COLLECTED DATA:

....

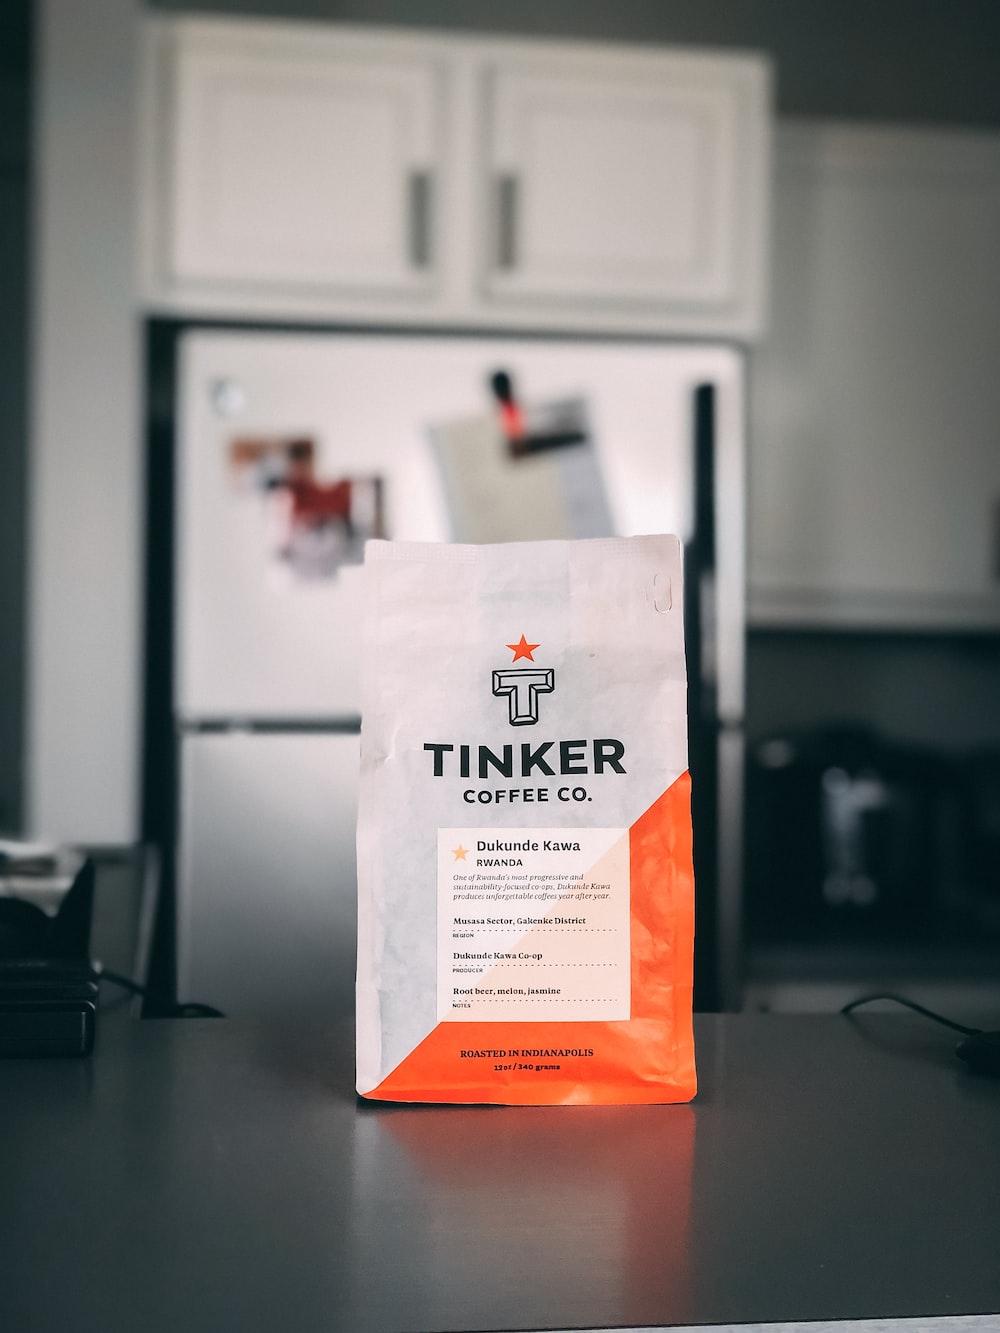 Tinker coffee pack
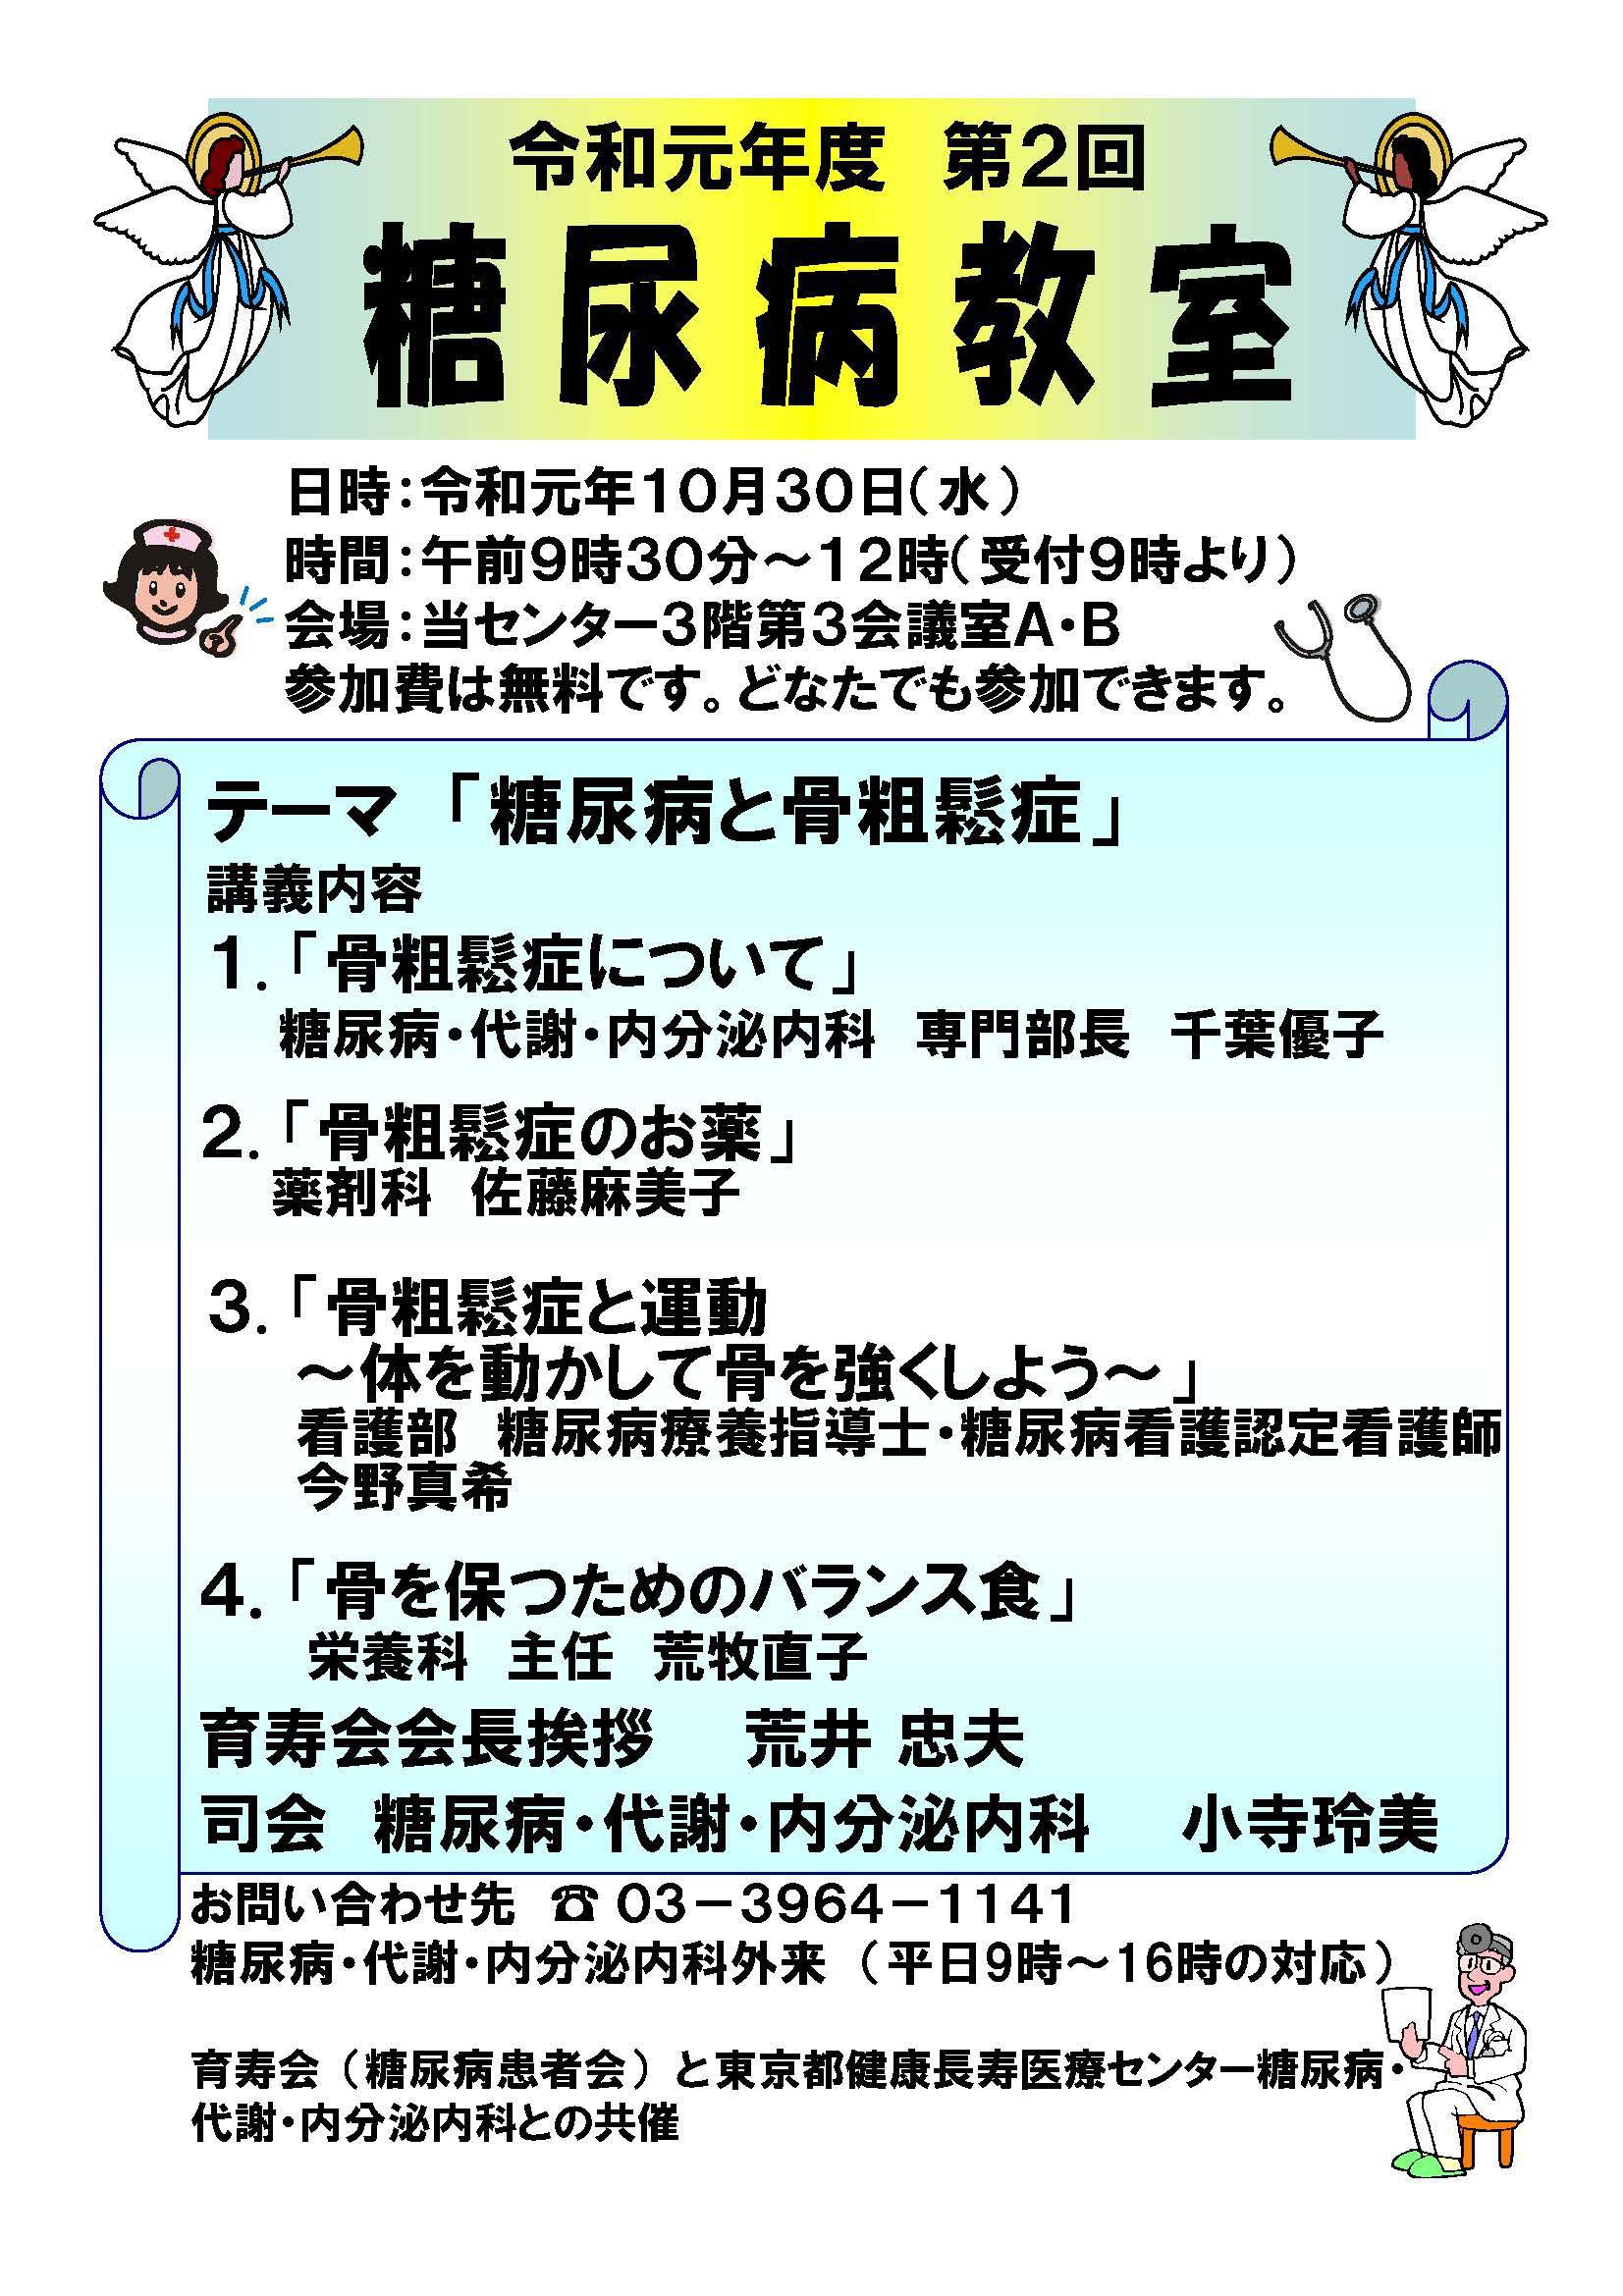 DM20191030.jpg
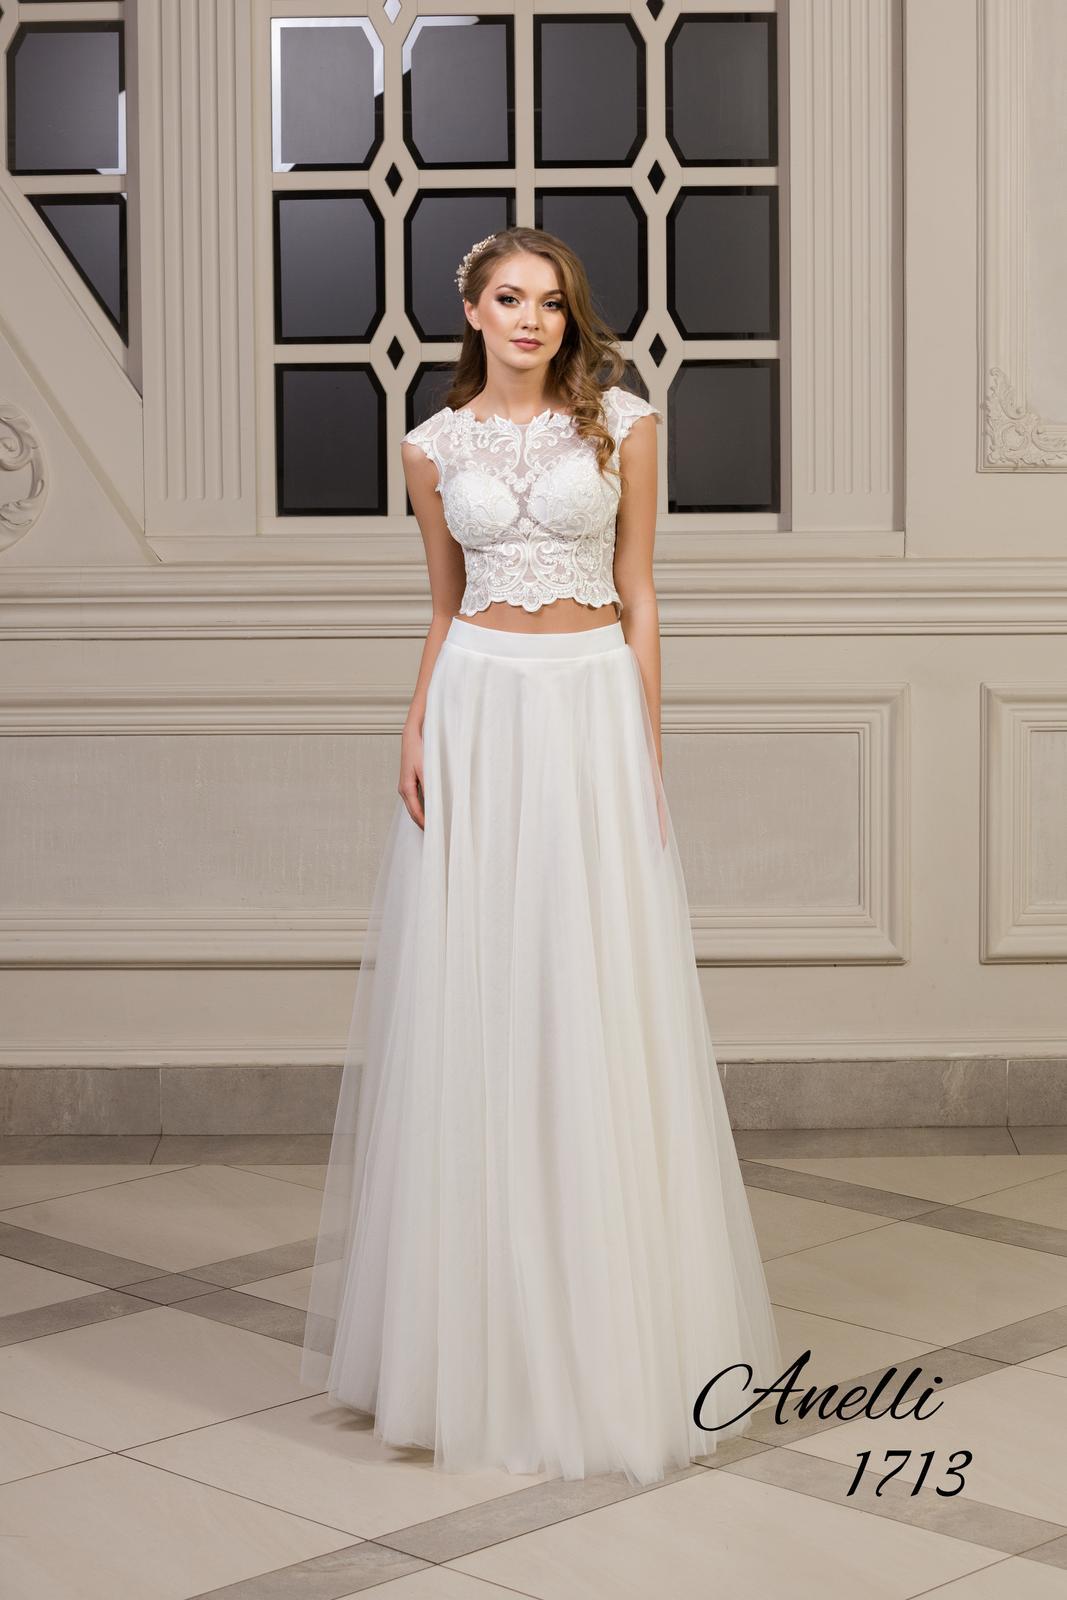 Svadobné šaty - Debut 1713 - Obrázok č. 3

....

WHAT TO WORK ON: In the copy, include no pictures; everything else in the material should be written out exactly.

ANSWER TO THIS EXERCISE:
 Tinker coffee pack
 DM20191030.jpg
 Svadobné šaty - Debut 1713 - Obrázok č. 3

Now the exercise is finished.